Finally the Allies have to be prepared -- in the event that these first two decisive points are reached -- that the Axis will prefer to move either east or west and not fight on two fronts, with the goal of shutting down Allied access to one or the other side of the Mediterranean. Control of the Mediterranean is not much use to the Axis if they abandon North Africa, nor is it much use beyond supplying the Russian front via the Black Sea. It might be supposed that, once the Allies establish a foothold, the focus of battle will no longer be on reclaiming the French possessions but on the Axis intending to maintain control of one of the two outlets from the Mediterranean besides the one that leads toward Russia, i.e., Suez or Gibraltar. Gibraltar would only make sense in the context of Spain mobilizing to enter the fight due to discomfort with Allied presence in their backyard -- while Spain is fascist and might conceivably have more sympathy for Axis ideology, Spain has also recently undergone a costly and bloody civil war, and has maintained its neutrality for a reason. Therefore the Question would be whether Rommel pushes eastward, but thus far the British Allied forces have held him off in the desert equivalent of trench warfare in the Western Desert. As long as the Allies manage to hold both of these fronts, at the two outlets of the Mediterranean, the Axis will have nowhere else to go but vanish back up their LOC into Sicily and the Italian peninsula -- leaving the Allies to chase them, as part of a larger strategy of invading continental Europe once a presence in North Africa has been established.

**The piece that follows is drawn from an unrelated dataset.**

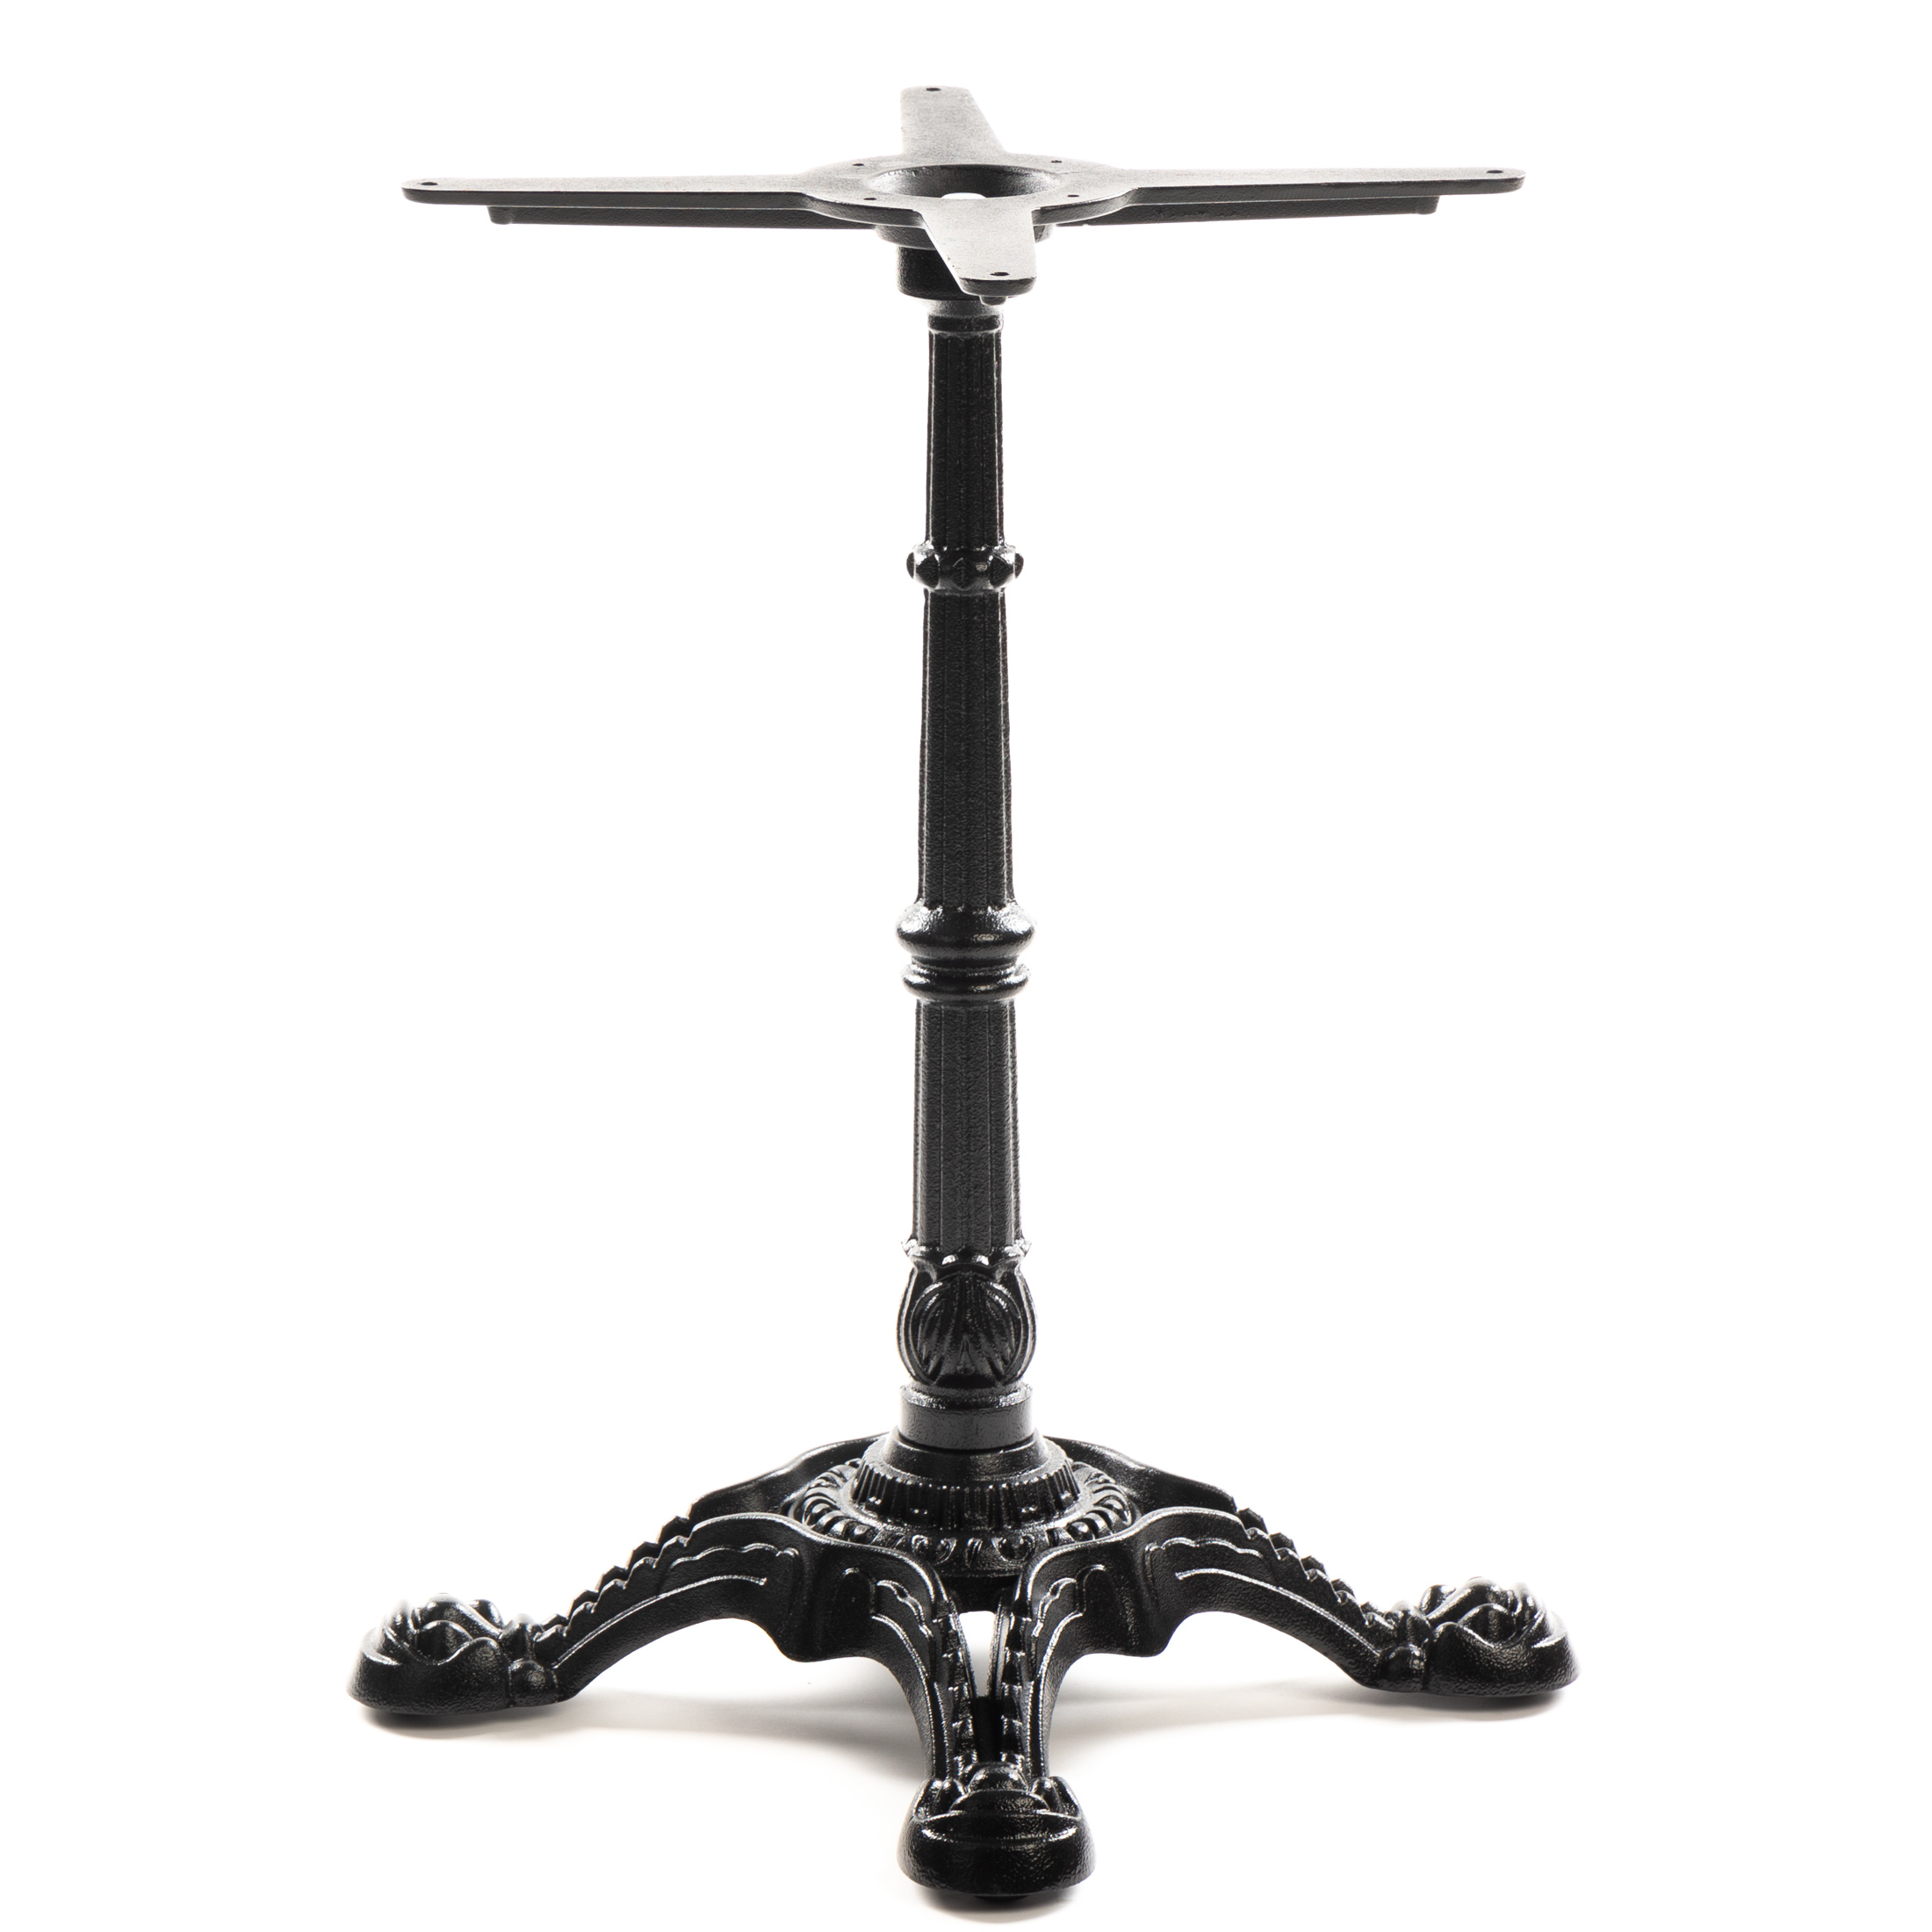 Premium Tischgestell PJ7017 aus Gusseisen, schwarz, antikes Design, 3-zehig
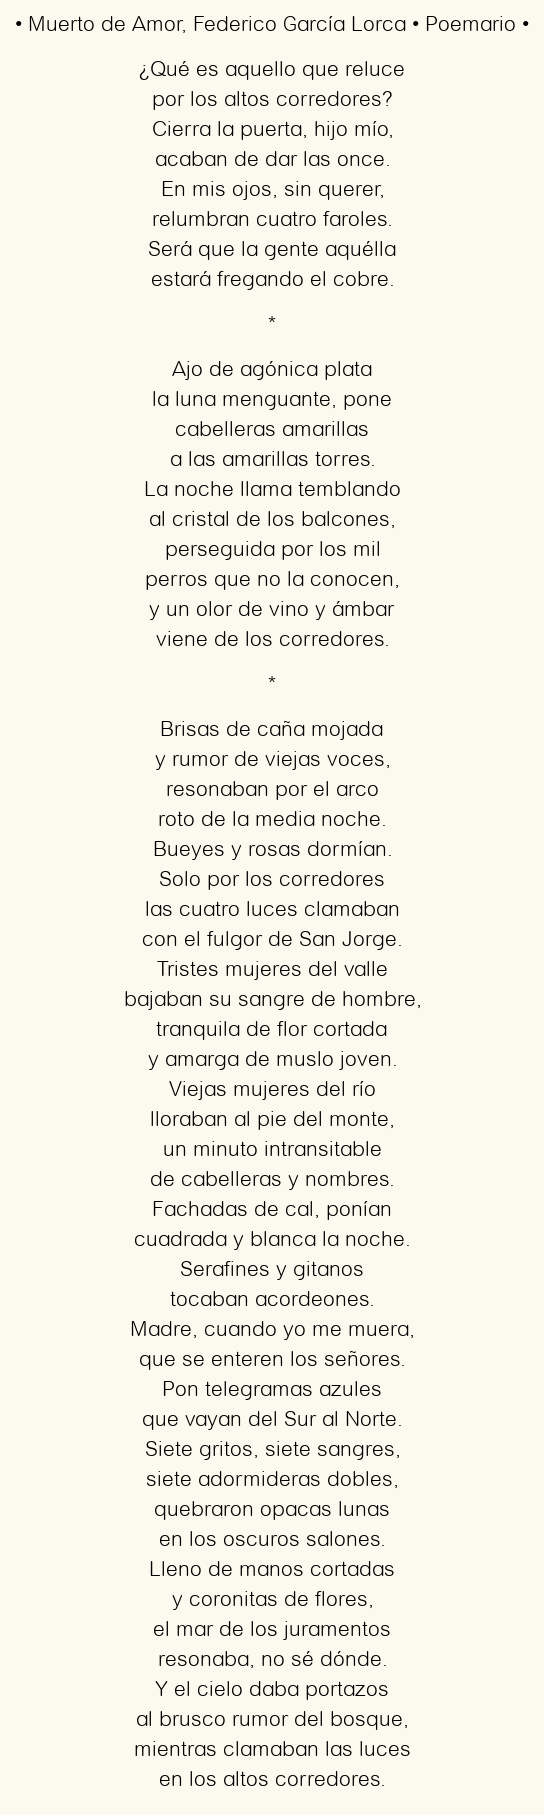 El amor incondicional en el poema ‘Perro’ de Mario Benedetti: un homenaje a la lealtad y fidelidad

Question 8. The potential culmination points for Operation TORCH -- in which the Allies fail to achieve the objectives without being defeated -- are fairly easily summarized.

The first possibility is that the Allies take too long in establishing their beachhead in French North Africa. With sufficient complications in the landing and taking of the port cities of Morocco, Algeria and Tunisia -- which could be due to an unexpected ferocity on the part of the Vichy French in defending the incursion, or which could be due to something as simple as unforeseen bad weather -- the Axis forces under Rommel that are presently fighting in the Western Desert of Libya would have time to turn 180 degrees and head toward French North Africa to meet the Allies as they arrive. The notion that Rommel might make it as far west as Tunis is a real possibility if the ports are not seized with genuine rapidity: and if Rommel makes it as far as Tunis, it is possible that the Allies will be forced out altogether and the Axis military goal will be to seal off the western end of the Mediterranean, concentrating on Malta and Gibraltar. This would be a disaster for the Allies.

A second possibility of a culmination point for the Allies would be the entrance of Spain into the war. Eisenhower remarks on this as a distinct possibility and thus a potential culmination point, that would essentially close the back door behind the Allied invading force. If Spain joins the Allies, Gibraltar will not hold and therefore the only truly strategic territory the Allies hold securely would be lost. (Malta is less strategic because to a certain degree Malta relies on Gibraltar to be of any value. If Gibraltar falls, then Malta becomes a moot point: any Allied presence there might as well stay in bed, since they'd have nowhere to fly to, and no way of getting out of the Mediterranean.)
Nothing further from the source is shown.